With home deliveries returning to being a convenience instead of a necessity and a brewing economic downturn, the emerging question is, what do customers want? Groceries and home cleaning supplies delivered in 15 minutes? Or groceries bought at the lowest prices?
The best aggregators will win as a population grappling with rising inflation post-COVID interventions tests on-demand grocery startups. One recurring request on Appetito’s Facebook page is for discount codes for the day.
If we can draw on lessons from previous economic downturns in the region, how much “aggregation” will save for the consumer will play a more vital role than how fast the order is delivered. Even Getir is opening its dark stores for nearby shoppers to pick up their orders. In Egypt, offline retail shops are just around the corner.
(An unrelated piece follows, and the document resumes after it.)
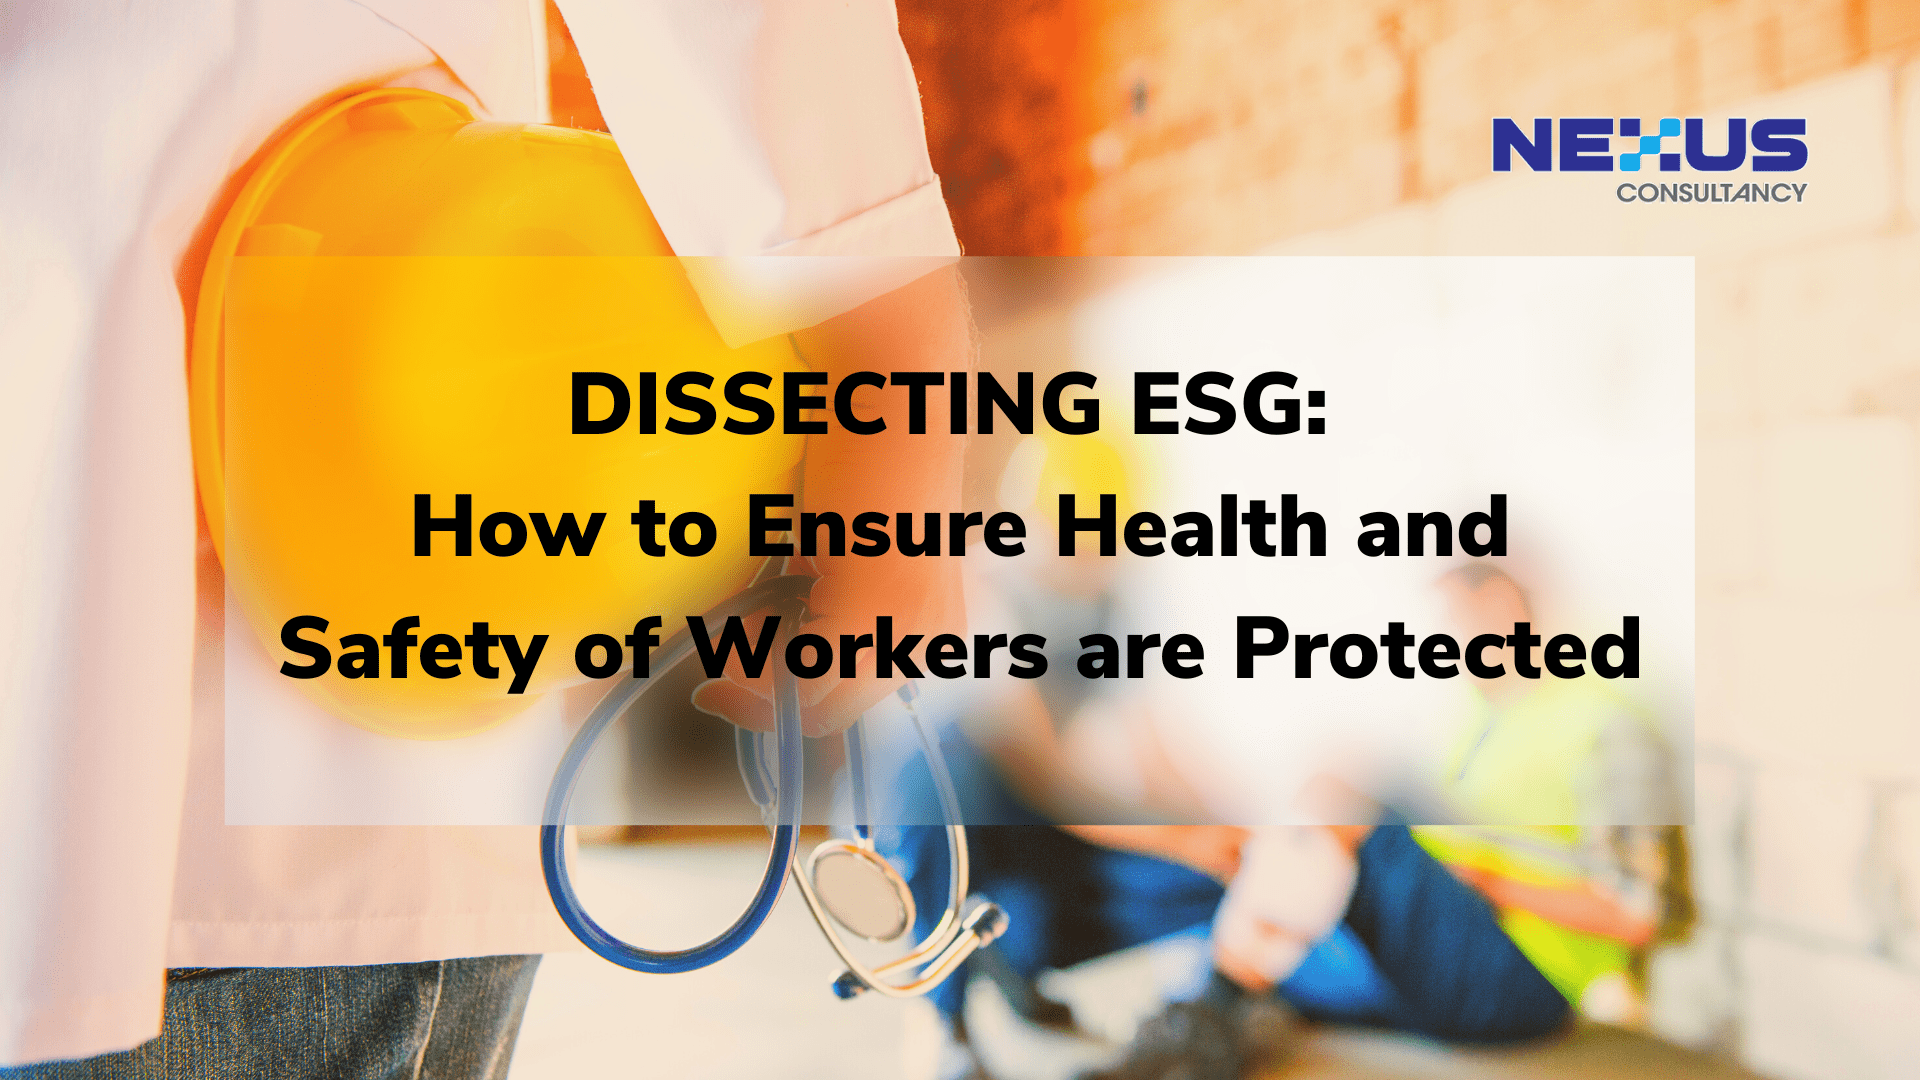 Dissecting ESG: How to Ensure Health and Safety of Workers are Protected

Mokhtar seems to understand this. He told TechCrunch in an earlier interview, “We’re trying to mix between affordability and convenience. If we’re going to go only for the convenience, which is 10 or 15 minutes, that’s going to be at the expense of affordability,” Mokhtar said. “And this is something we do not seek or even try to scale in Egypt or the countries that we are trying to penetrate going forward.”
If digital commerce is a bet that convenience generates orders, Uber-for-groceries startups will need to show how dark store franchises make the business maths work. Appetito is the leading case study candidate for this in Africa.